Nine Ways to Hack a Web Application[20050702]
Martin G. Nystrom gave a solid talk on web security named Nine ways to Hack a web application (PowerPoint); so solid he actually held the talk twice at JavaOne. He listed out the Top 10 security vulnerabilities from OWASP, how they are carried out, and how to resolve them. I have seen many developers assume that security is merely the domain of IT setting up the environment and our concerns end with simple authentication mechanisms. That is so wrong. Like maintainability and efficiency security should be an “y” we maintain at the top of our heads at all time.
In the last year, I am proud of the clean up my crew done to our web app. There still be dragons in the code-base, but with the new architecture we are giving it a good going over. But there are some design decisions my team has to consider.
First, there is our authentication/authorization mechanism (logging in/logging out). A point Martin made on this issue is how dangerous roll-your-own implementations can be, instead of using the security system built in to most containers.

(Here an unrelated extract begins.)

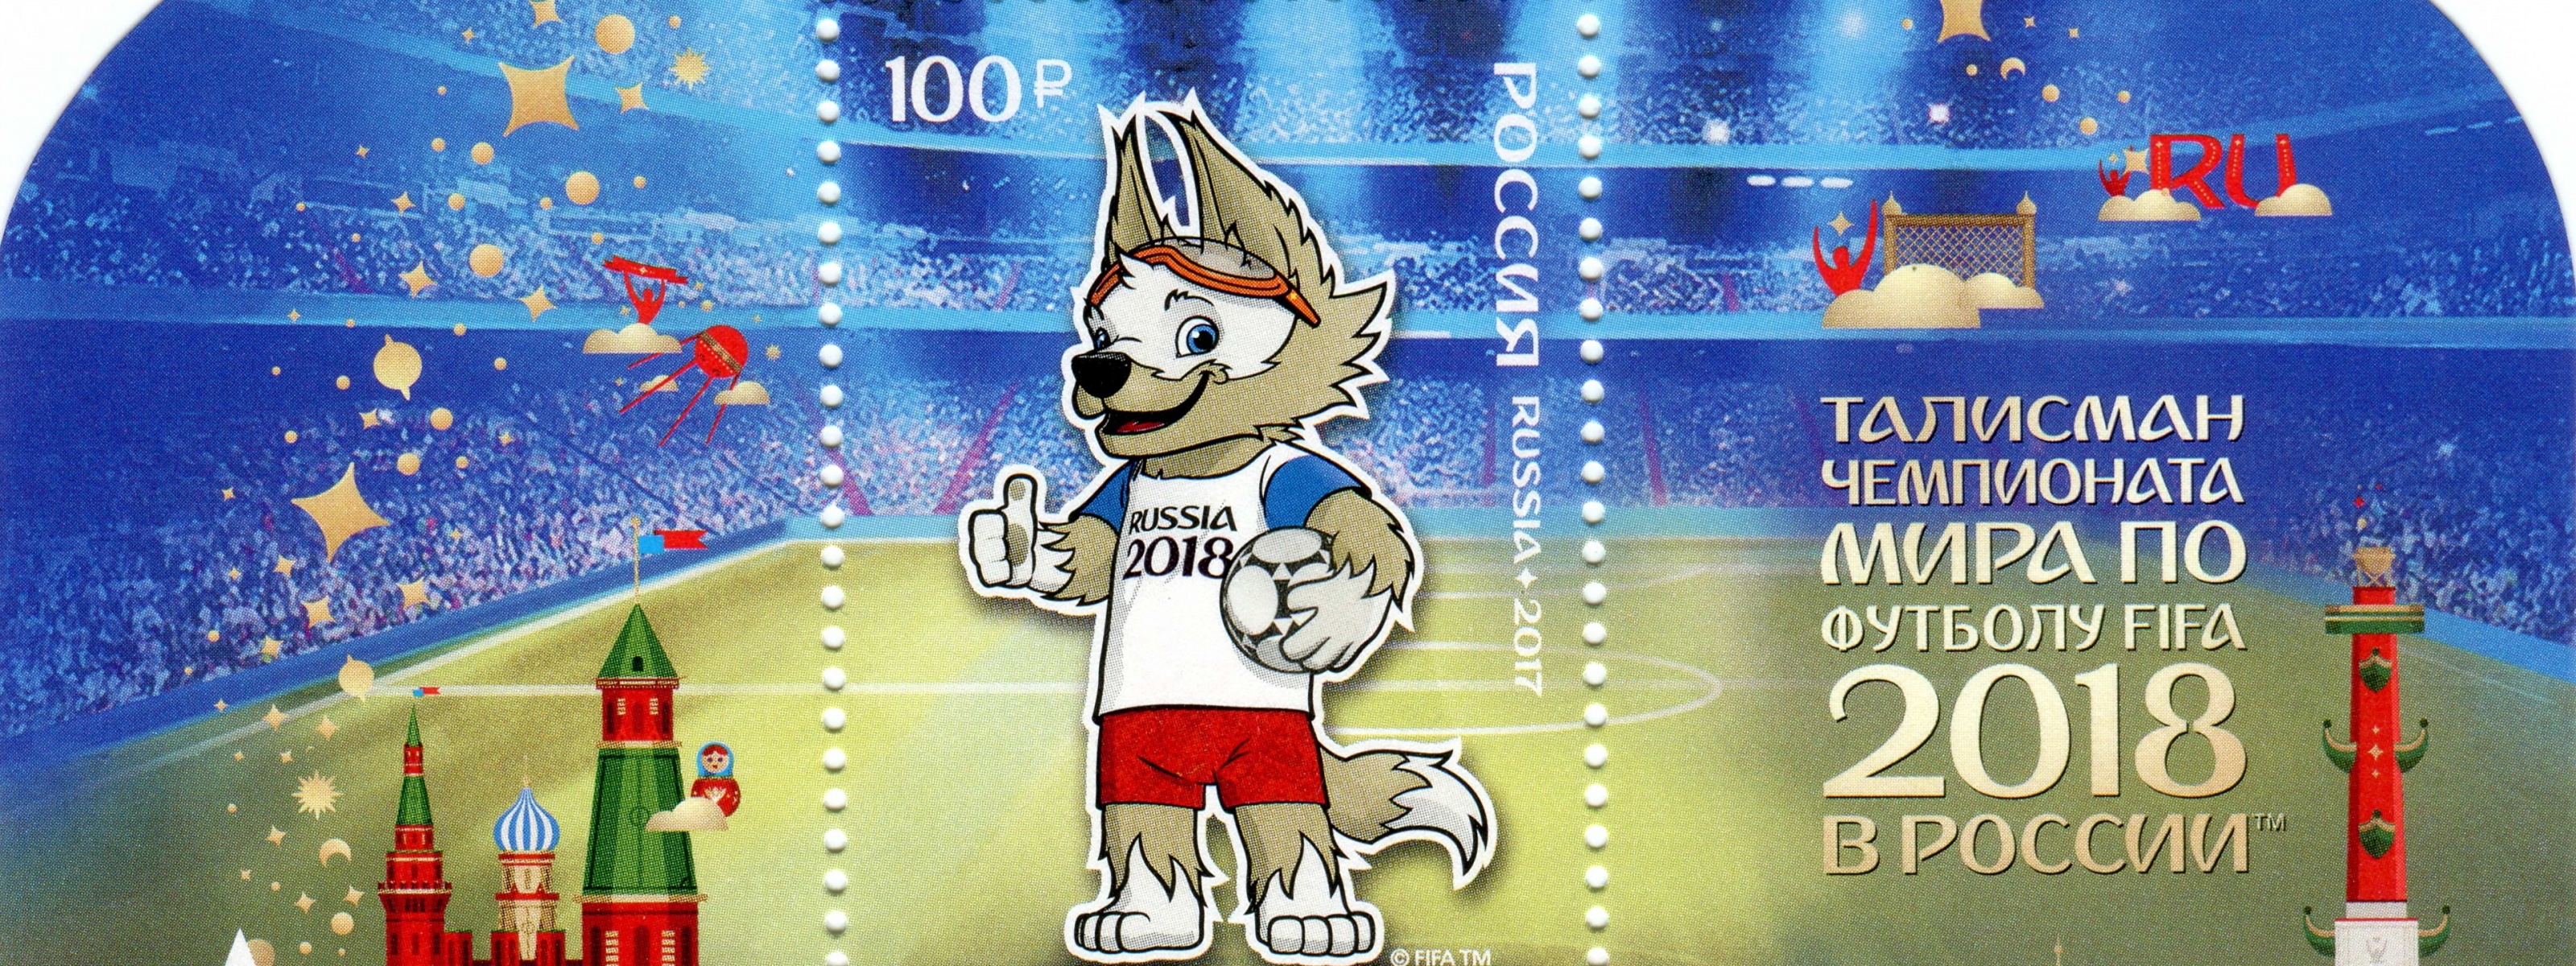 Fifa World Cup 2018 Zabivaka Mascot

I agree, but there is some issues my company’s requirements raise that a simple pass/fail to accessing a resource with a user-name and password won’t satisfy. One is the user-name/password is not the only method of accessing a system. We have requirements for one-time passes or connections by other systems to read data (which currently is not secure at all, and I hope to get to it sooner rather than later). Another requirement; once someone logs in, we need to have his data easily accessible in a session bean. Yeah, yeah, I know the container can supply that information, but in easy to read JAVA Bean I can expose to the web page integrators? I talked it over with Martin (really approachable guy) and he seem to think what I was thinking; try writing our own security realm provider. If I get around to it, I will be sure to notify him and everyone.
A vulnerability highlighted by Martin is the exposure of user and session ids in communication. We have been pretty good about this, encrypting (using the crypto libraries that ship with JAVA) any user id stored in cookies. But I believe some of our actions take in user ids as parameters, and it is data our web page designers will have access to, so they may place it in a hidden field or cookie themselves without thinking. Sigh.
I believe we prevent code injection, but we should review all that and keep it in mind. The big thing I want to look into is how some of our backend systems get database connections. An old library (not coded by me and I have no love for it) is how we access our data entities. It uses a connection pool, but even then it is constantly pulling connections on and off the pool to handle a single request. For my own libraries I only get one connection that is used for the entire request life cycle. In the former case, DOS attacks would be dragging down our database with having to maintain a larger set of connections, while in the latter we at most have only one connection per each hit.
Anyway, I highly recommend Martin’s lecture. More experienced web developers may find some of it old hat, but its always good to be refreshed on good coding principles, and newer developers will learn so much.